Rating:
PG
House:
The Dark Arts
Characters:
Cho Chang Padma Patil
Genres:
General Angst
Era:
Multiple Eras
Stats:
Published: 07/09/2003
Updated: 07/09/2003
Words: 1,548
Chapters: 1
Hits: 1,228

Oral History

Acadine

Story Summary:
Padma Patil is starting to get fed up with certain aspects of Hogwarts' curriculum. How does she cope?

Posted:
07/09/2003
Hits:
1,228
Author's Note:
Yes, I know that part of the point of HP is that all the wizard prejudices (anti-part-humans, anti-Muggles, pro-pureblood, etc) are supposed to take the place of ethnic/cultural/racism biases. Most of the time, I like that... it just never seemed very /believable/. Combine that with the way magic seems to be exclusively European Hermetic in derivation, and...

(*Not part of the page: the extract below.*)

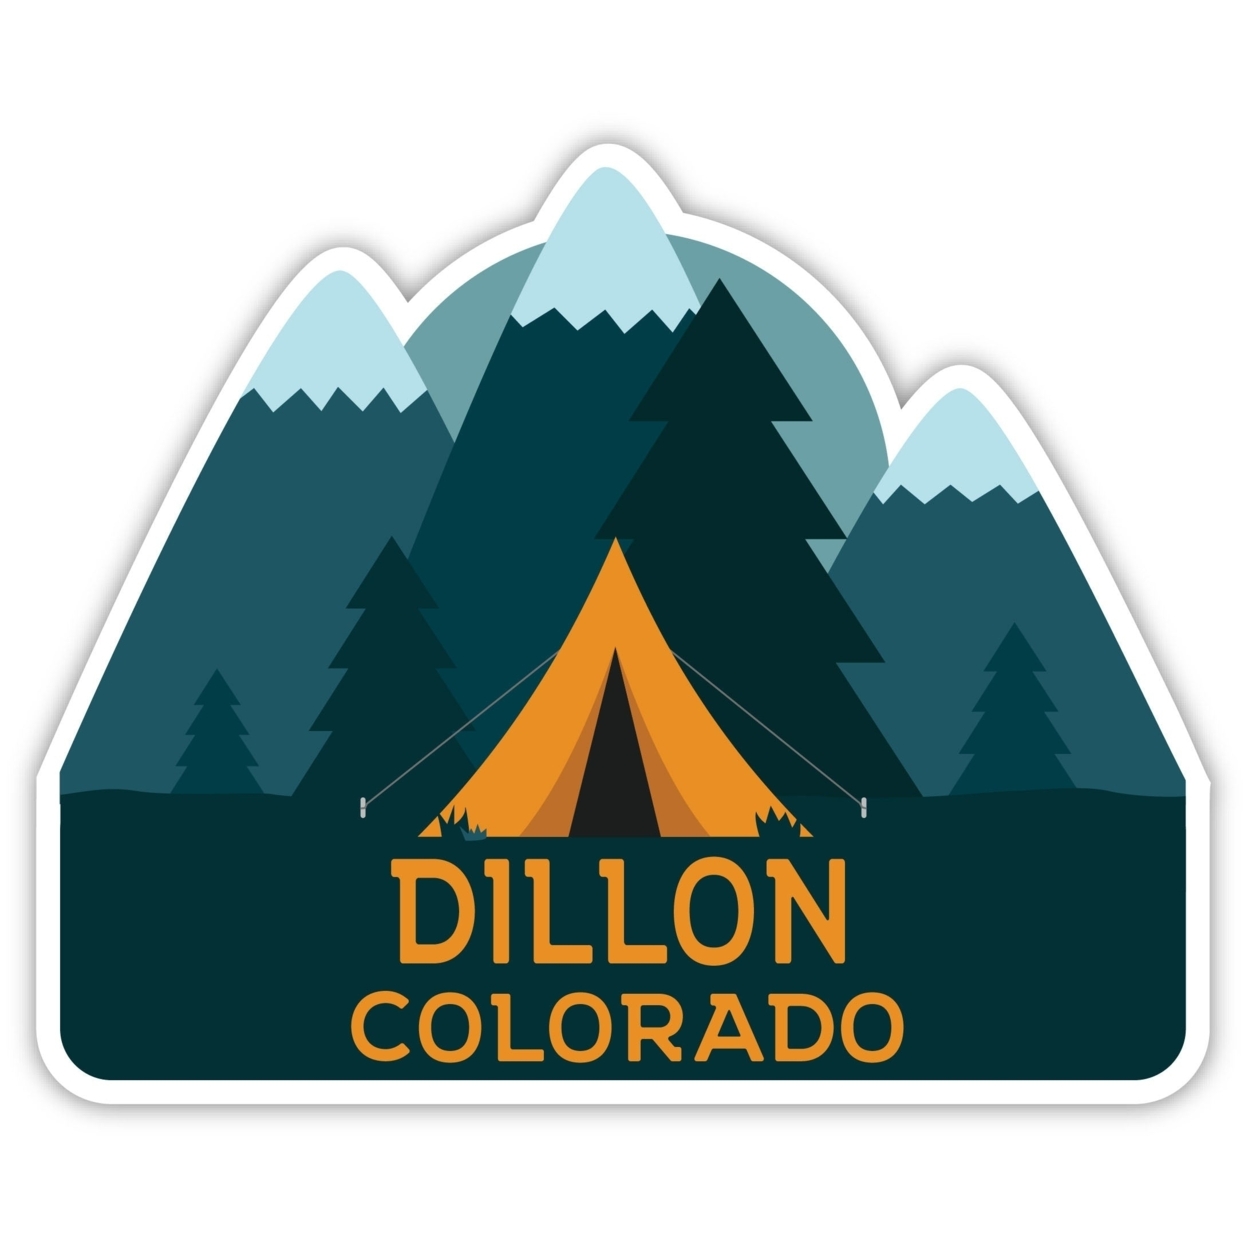 Dillon Colorado Souvenir Decorative Stickers (Choose Theme And Size) - Single Unit, 10-Inch, Adventures Awaits
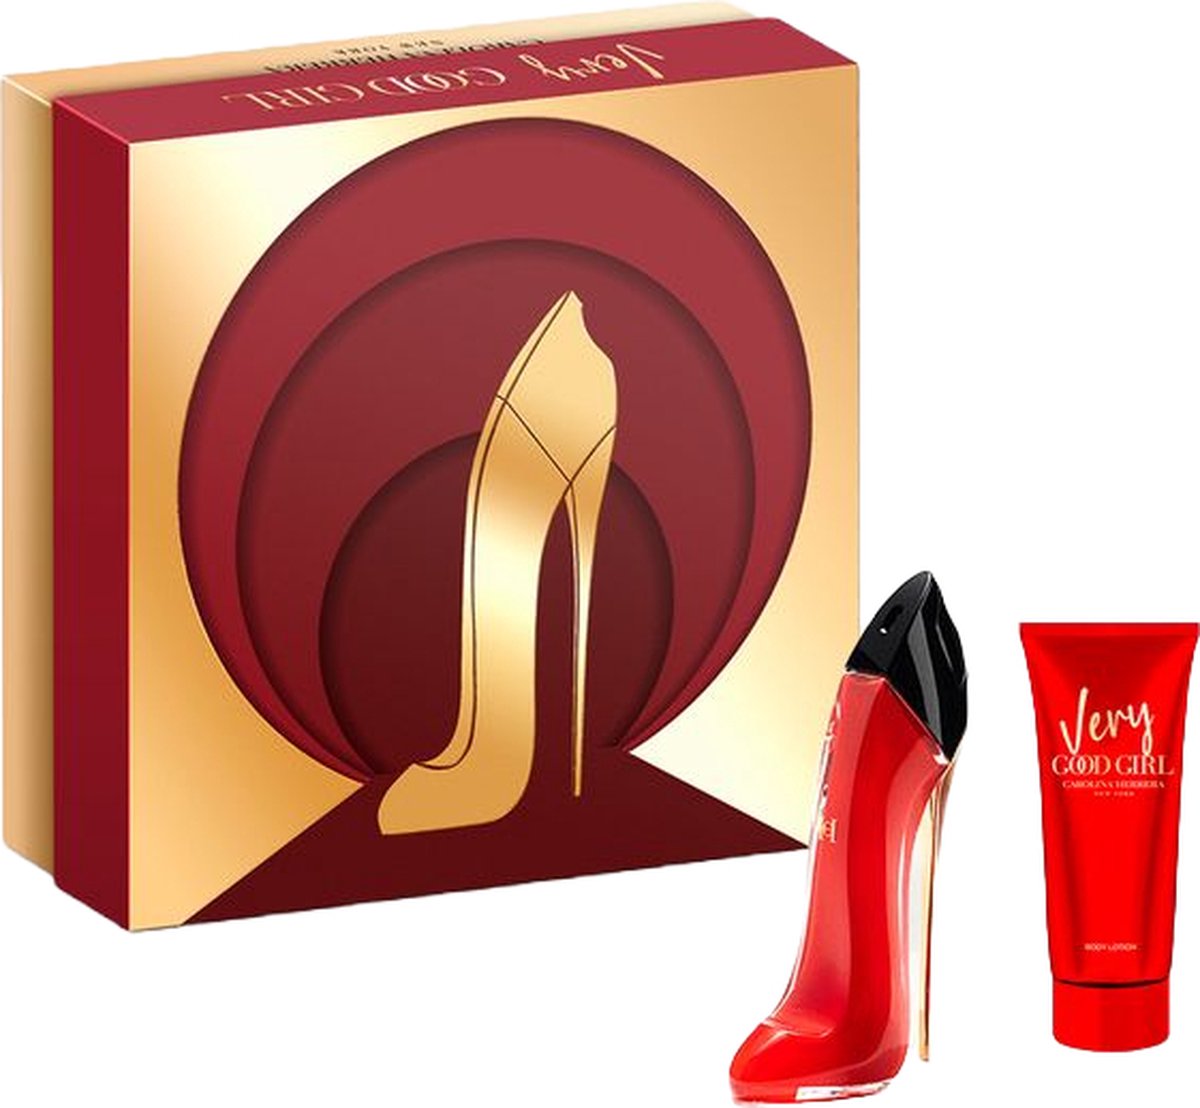 Carolina Herrera Very Good Girl Giftset - 50 ml eau de parfum spray + 100 ml bodylotion - cadeauset voor dames

Every time she visits Cho's room, she is afraid someone will find out; someone will see. Will know. Will hear.

What they do during "History of Magic" study-sessions is far more intimate than sex, and the prospect of being discovered frightens Padma a great deal more than anyone finding out about her and Susan, or people suddenly realizing everything always says about the Weasely twins could apply to her and Parvati.

If people find out, they'll ask why, and then she'll have to tell them, and somehow she doesn't think she could stay at Hogwarts after that.

Mind you, it hasn't always been easy in the first place.

She had always thought of herself as basically English before Hogwarts. They had been born in England. So had their father, although their mother had only come to England (and Hogwarts) at sixteen, having taken and gotten five O's on her OWLS at the school in Delhi.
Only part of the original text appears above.